In this photograph taken on March 6, 2003, Indian author Sushmita Banerjee holds one of her Bengali language novels "Mollah Omar Taliban O Aami" (Mollah Omar, Taliban and Me) in Kolkata. AFP photo

Friends and family of an Indian writer executed by suspected Taliban told Friday how she insisted on returning to Afghanistan despite fears her life could be in danger.
 
Sushmita Banerjee, whose account of her escape from the Taliban two decades ago was turned into a hit movie, had only recently moved back to southern Afghanistan to live with her Afghan husband Jaanbaz Khan.
 
But her bullet-riddled body was discovered on Thursday close to her husband's home in the province of Paktika in what Afghan police suspect was an act of revenge by the militant Islamist movement.
 
Police said Banerjee had been dragged outside late in the night and shot 20 times, adding that masked men had tied up the writer and her husband before executing her.
 
Speaking at the family home in the eastern Indian city of Kolkata where the writer had been living until her return to Afghanistan in January, her brother Gopal Banerjee spoke of his grief.
 
"We are shocked and shattered after the news of our sister's death came to us on Thursday evening," Gopal Banerjee told AFP.
 
"My sister decided to return to Afghanistan after Jaanbaz convinced her that the situation had changed in Afghanistan and that no harm would come to her.
 
"We warned her against going back, but she was determined.

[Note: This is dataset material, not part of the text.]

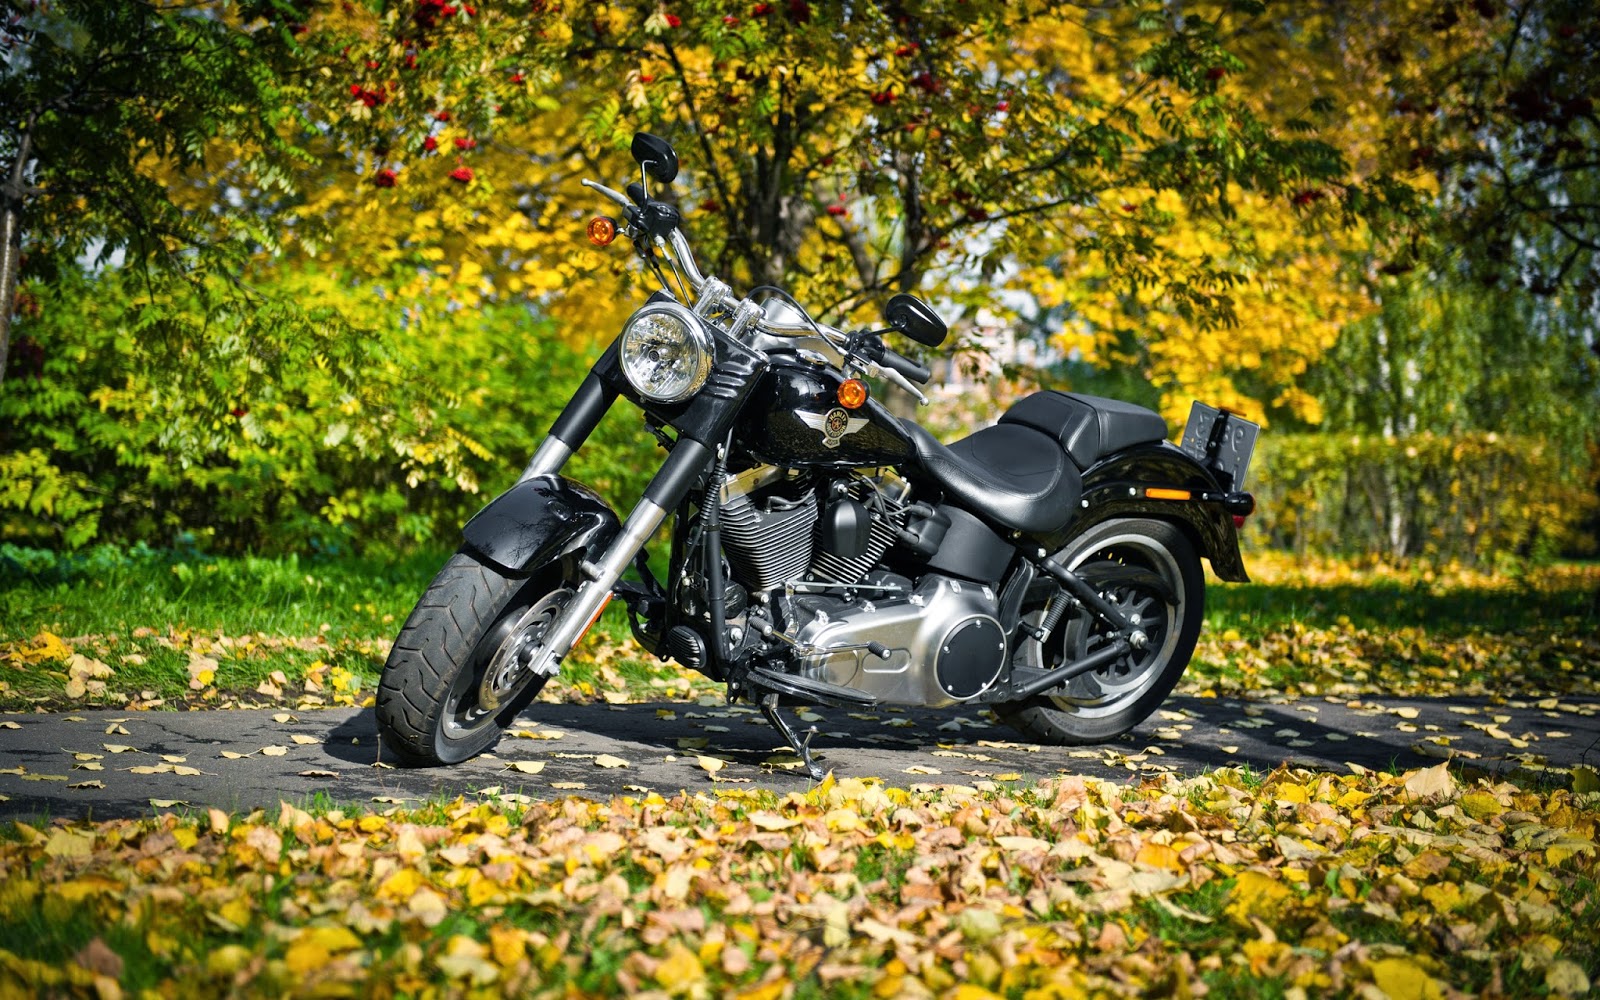 Kumpulan 87 Gambar Motor Harley Davidson Keren Terkeren Bamboe Modif
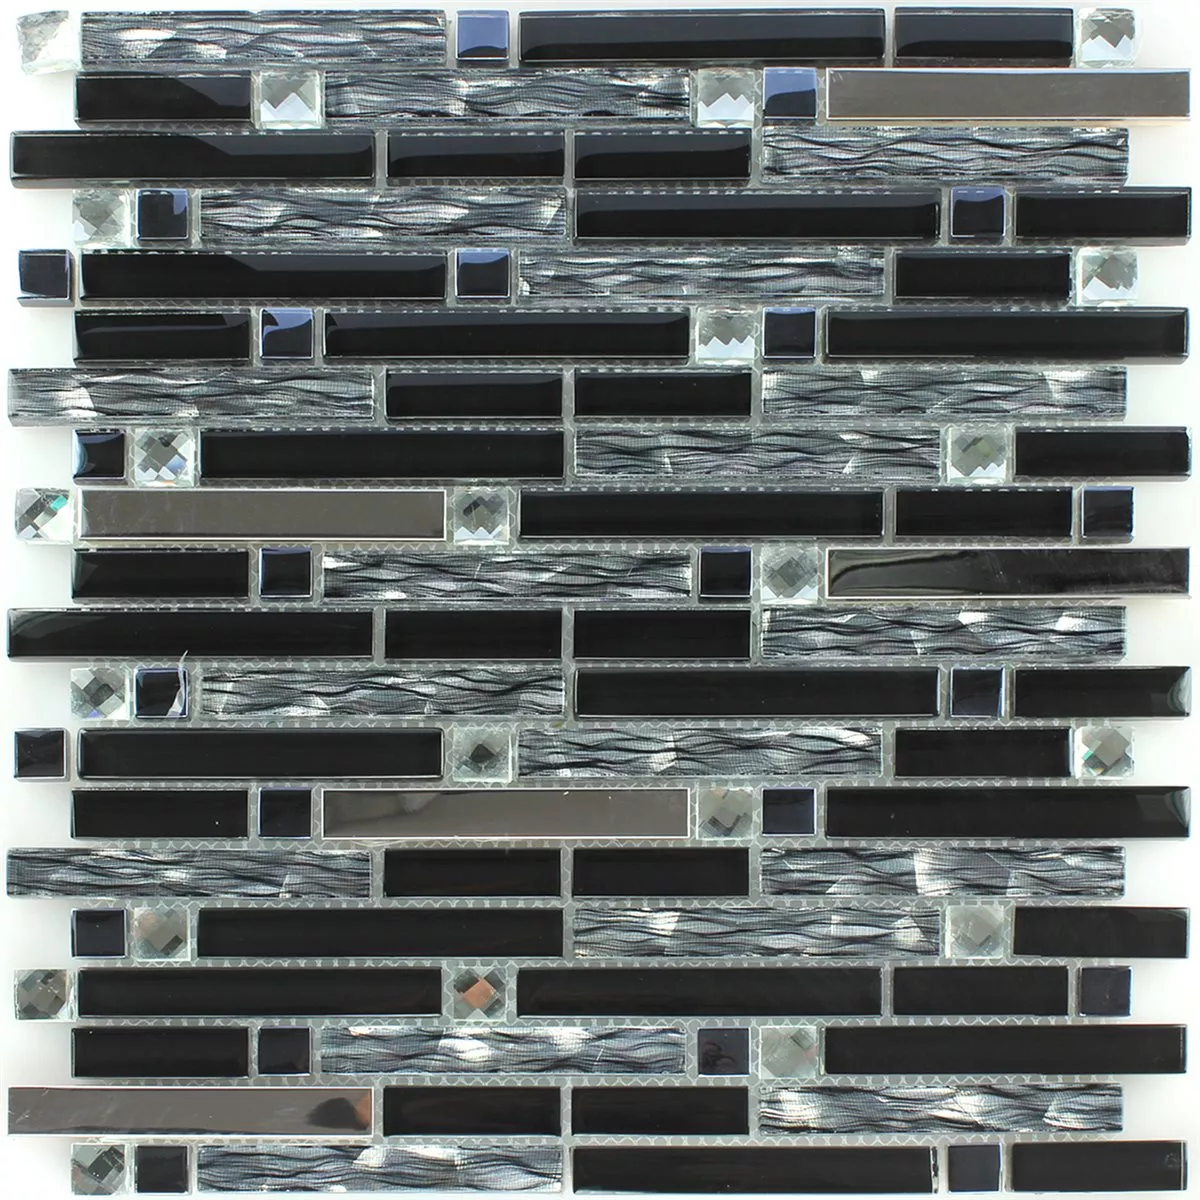 Sample Mosaic Tiles Stainless Steel Metal Black Mix

She also said that she had some work to do there." The Indian writer Subodh Sarkar, who was a close friend of Banerjee, said he had warned the 49-year-old that she would find herself in the Taliban's crosshairs if she did return to Afghanistan.
 
"I warned that Taliban militants would kill her when she expressed her desire to return to the country early this year," Sarkar told AFP.
 
"She did not listen to us. We have lost a rebellious writer." Banerjee, who was 49, wrote unflinchingly about her ordeal both at the hands of the Islamist movement and of her husband's family who at one stage kept her under house arrest when Jaanbaz left Afghanistan on a business trip.
 
Her book "Kabuliwala's Bengali Wife", which was later turned into a 2003 Bollywood movie, recounts how she eventually managed to escape to the Afghan capital Kabul and take refuge in the Indian embassy.
 
Gopal Banerjee said that his sister appeared to have reconciled with her in-laws when he last spoke to her.
 
"After I'd expressed my usual apprehensions, she said she was enjoying her life in Afghanistan," he said. "She even invited us to her in-laws' home." Reports have said that Banerjee moved back to Afghanistan to run a health clinic for women there.
 
However her publisher Swapan Biswas said she was planning on writing a new book.
 
"When I met her early this year, she said she was going to Afghanistan to stay with her in-laws and collect materials for her next book," Biswas said.
 
"She was a very talented writer."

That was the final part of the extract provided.